Agro&Negócio: Colunista do AGROemDIA estreia na TV Vila Velha, do Paraná (áudio e vídeo)

Ricardo Wegrzynovski (Weg)*

Ouça a coluna clicando aqui

Leia aqui a versão em inglês, publicada no The Rio Times

AGROemDIA NA TV VILA VELHA, DO PARANÁ

A coluna Agro&Negócio ganha um novo espaço. Agora, além do portal AGROemDIA, ela passa a ser veiculada semanalmente para todo o estado do Paraná pela TV Vila Velha – Canal 16 da NET. Com isso, os telespectadores paranaenses ganham mais uma opção para receber informações sobre as iniciativas das empresas e prestadores de serviços que atuam nas diferentes áreas do agro, da tecnologia e inovação à sanidade animal. É uma enorme satisfação – e também um grande desafio – ter mais um veículo para informar o público, especialmente do agronegócio.

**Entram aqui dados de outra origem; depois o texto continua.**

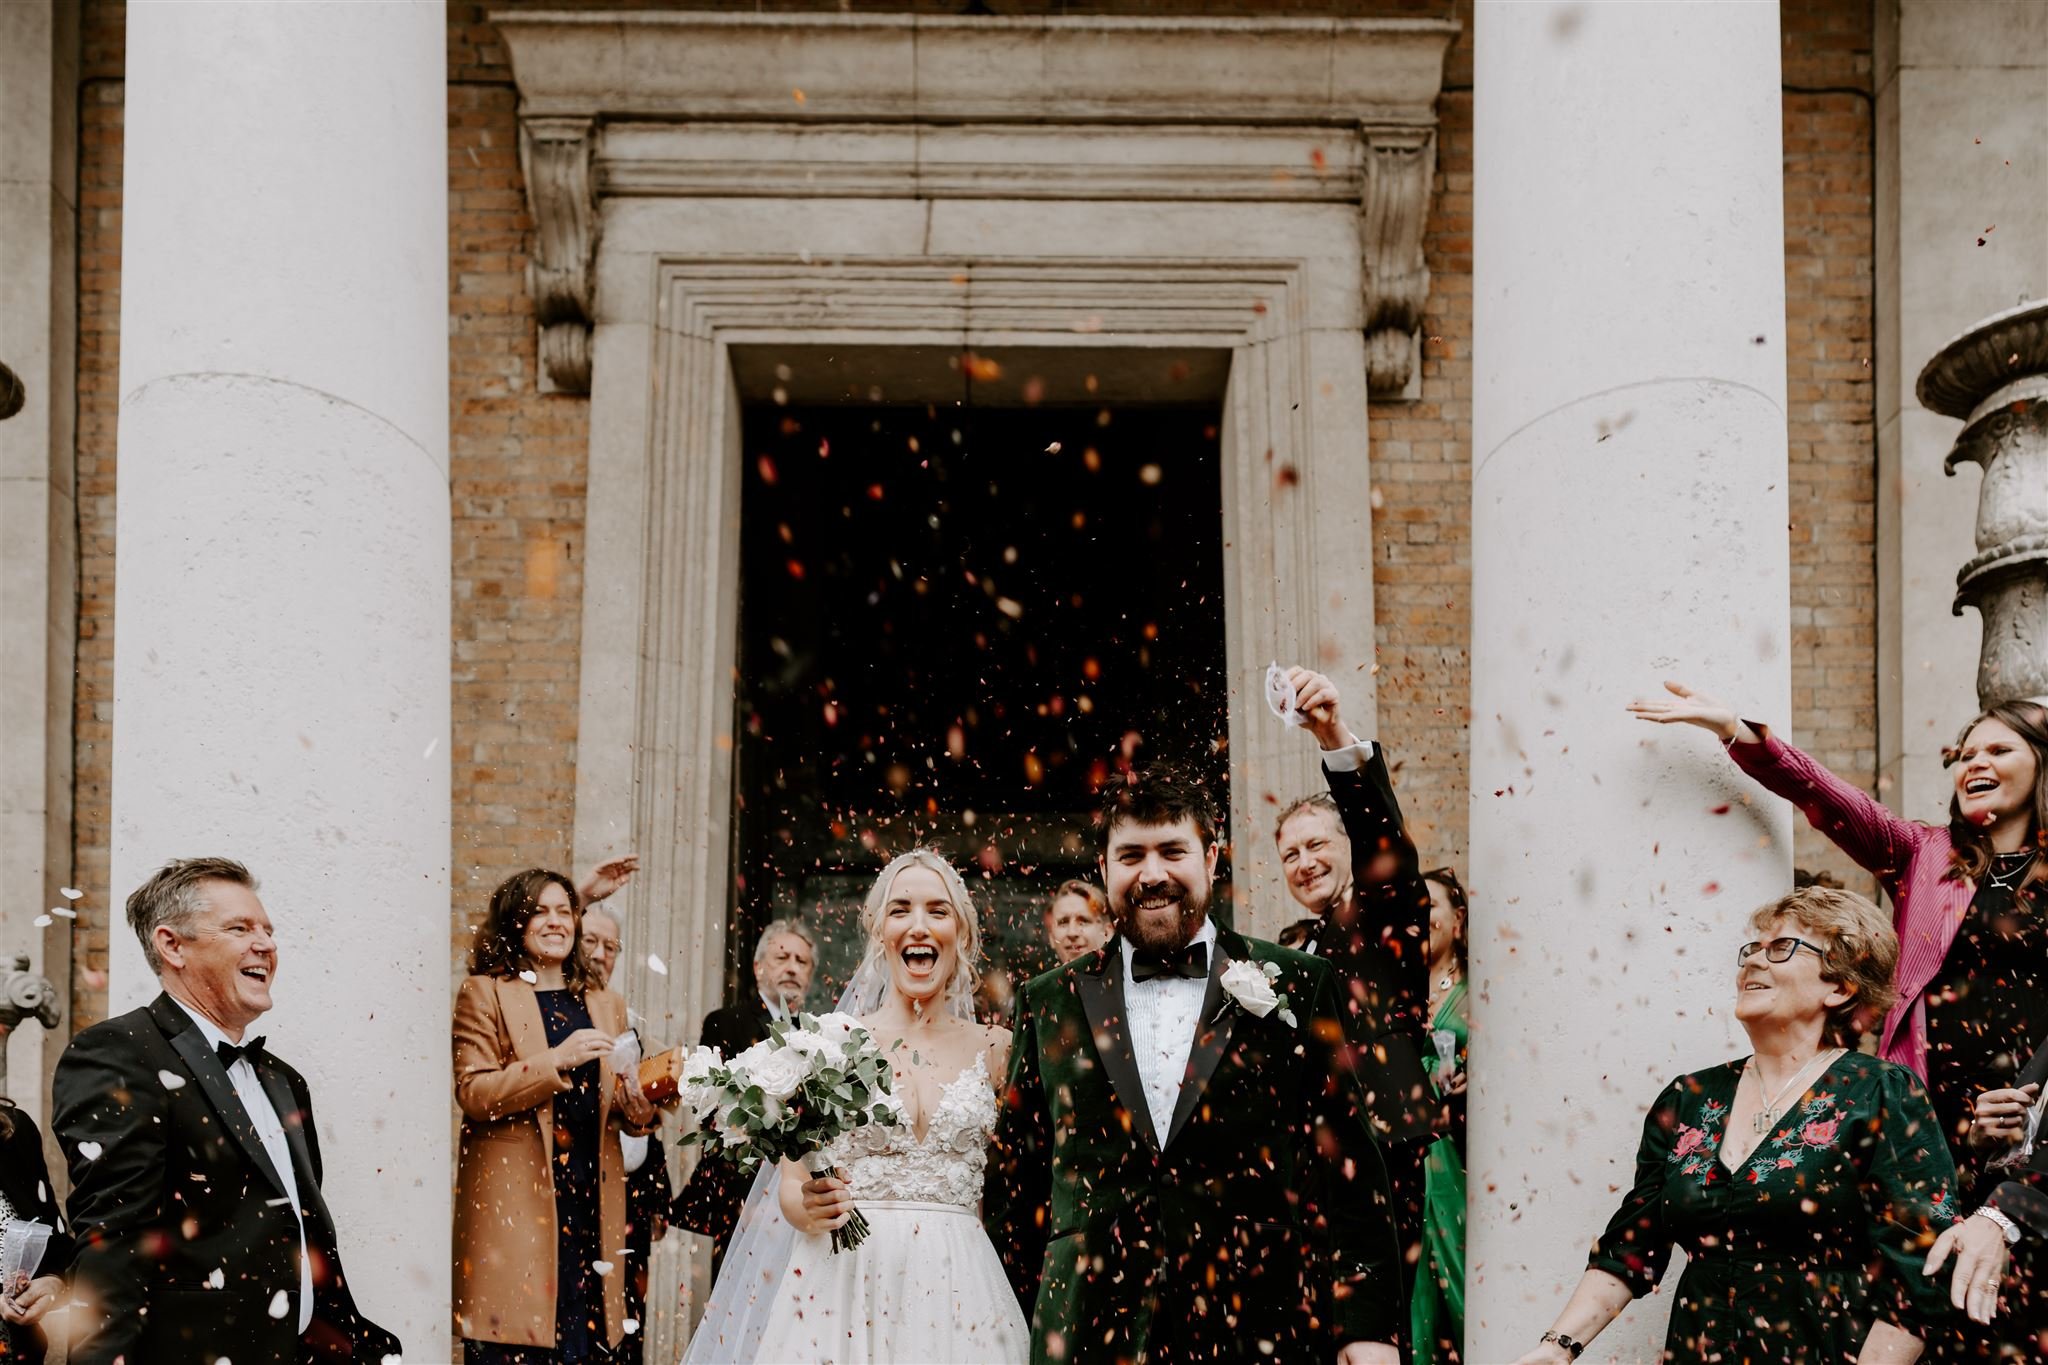 wedding confetti thrown Asylum Chapel Top London Wedding venue

STARTUPS AGRITECHS APOIAM ASIÁTICOS A AUMENTAR PRODUTIVIDADE, LUCRATIVIDADE E SUSTENTABILIDADE

Grande comprador dos mais diversos produtos, especialmente alimentos, os asiáticos despontam também em tecnologia. Do outro lado do planeta, o Brasil é o grande celeiro mundial. Aqui, temos todas as condições naturais para sermos, cada vez mais, a maior potência global na produção de alimentos. Então, vamos prestar atenção no que dizem e estudam os asiáticos sobre o agronegócio.

Esta semana, Paul Voutier, diretor de conhecimento e inovação da Grow Ásia, listou alguns pontos que considera fundamentais para startups agritech. A entidade reúne pequenos agricultores, governos, empresas, ONGs e outras partes interessadas do sudeste asiático para desenvolver cadeias e iniciativas de valor inclusivas e sustentáveis.

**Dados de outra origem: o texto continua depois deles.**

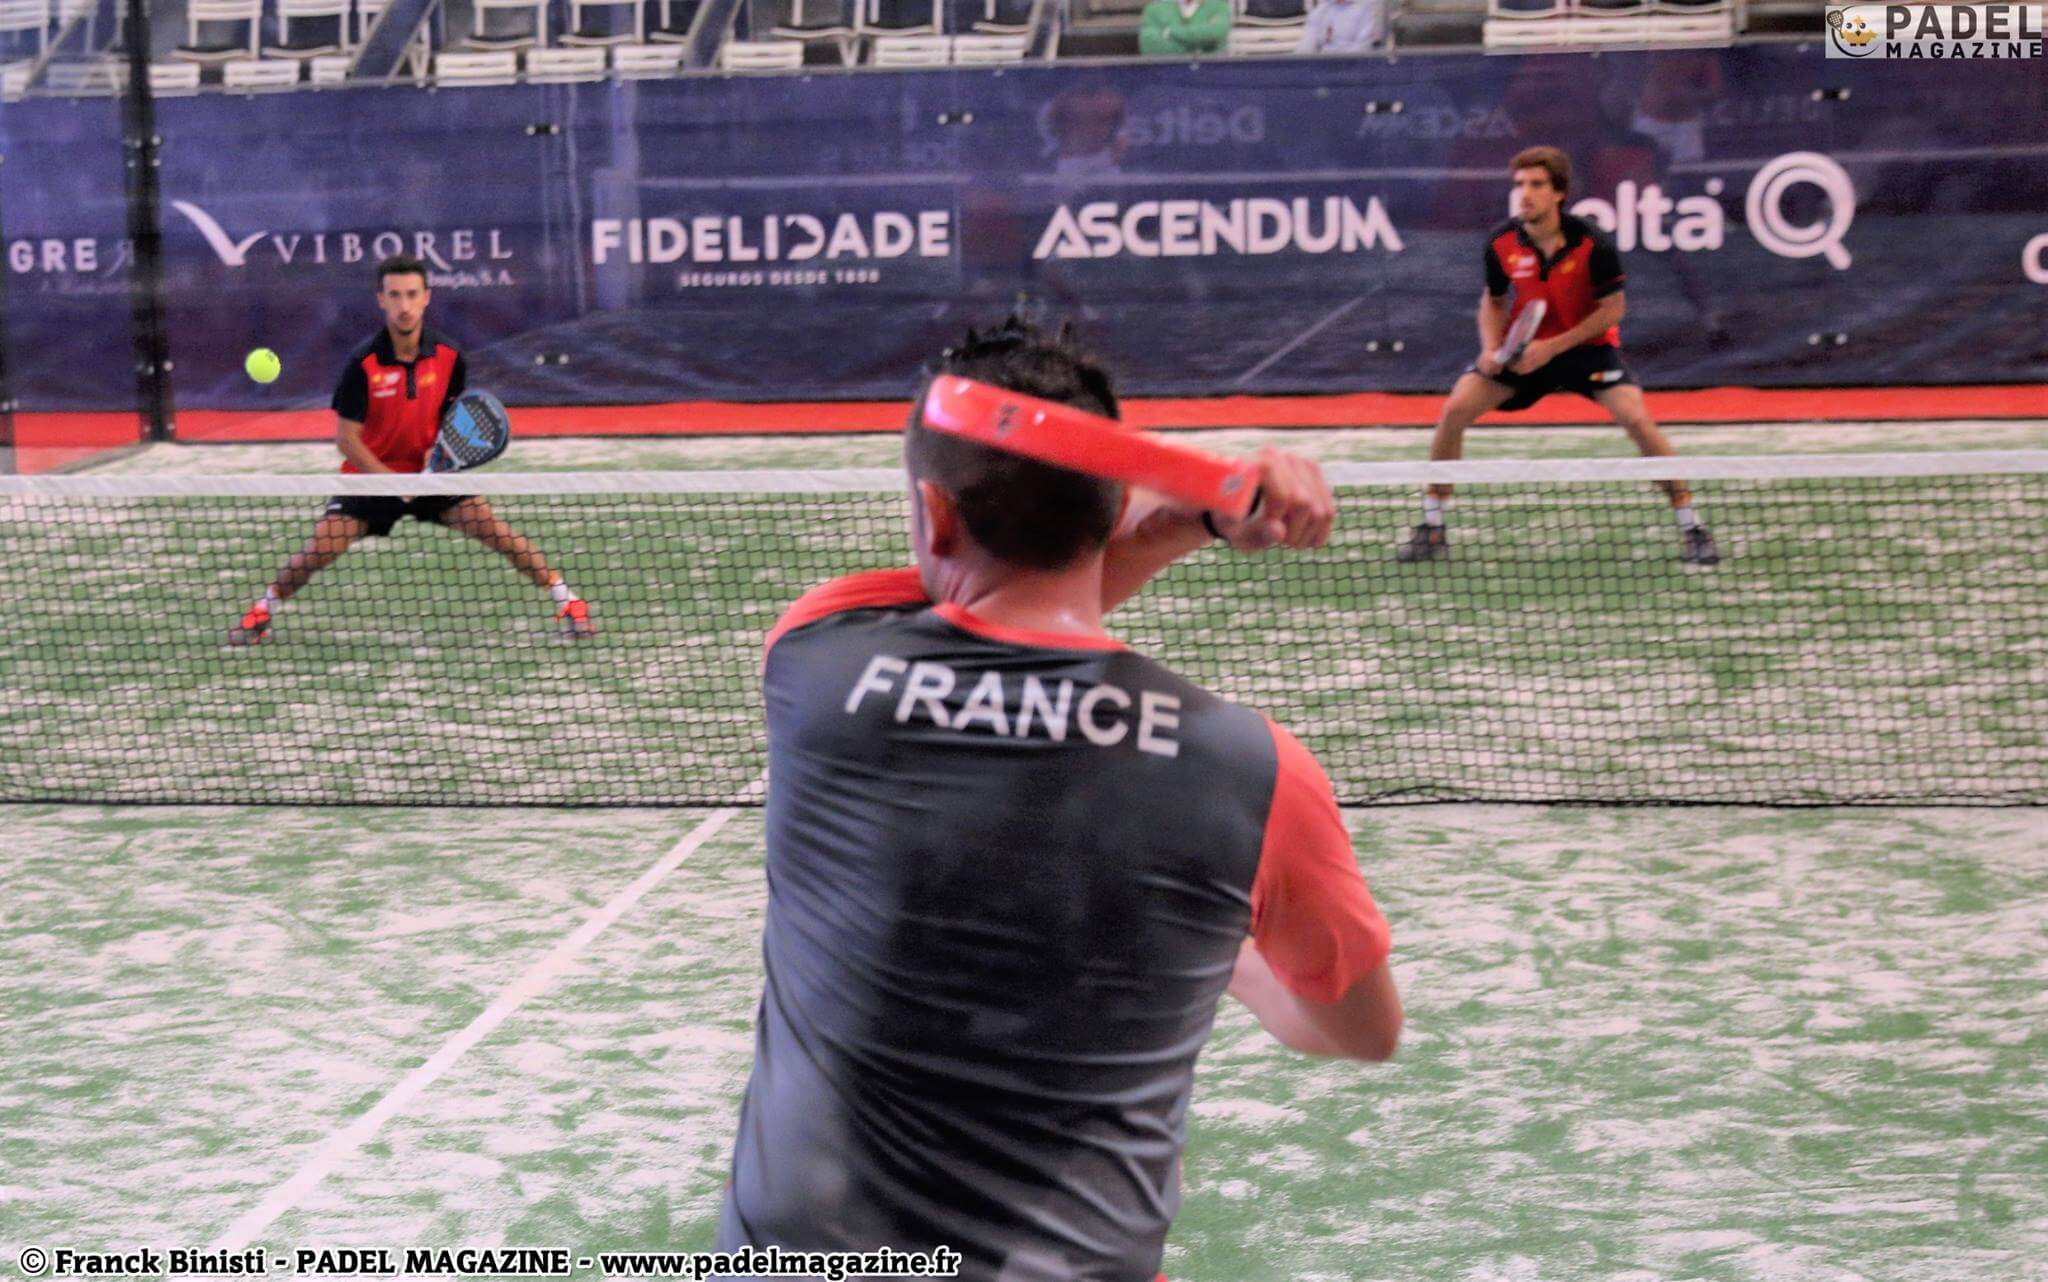 La Francia apre la palla ai mondiali padel dal team 2016

O núcleo da Grow Ásia busca aumentar a produtividade, a lucratividade e a sustentabilidade ambiental da agricultura de pequeno porte.

Entre os objetivos da Grow Ásia, está criar meios para que os pequenos agricultores acessem conhecimento, tecnologia, finanças e mercados.

Os asiáticos apoiam parcerias com diversos países, visando desenvolver soluções inovadoras. Atualmente, contam com mais de 500 parceiros e alcançam cerca de 1,8 milhão de pequenos agricultores.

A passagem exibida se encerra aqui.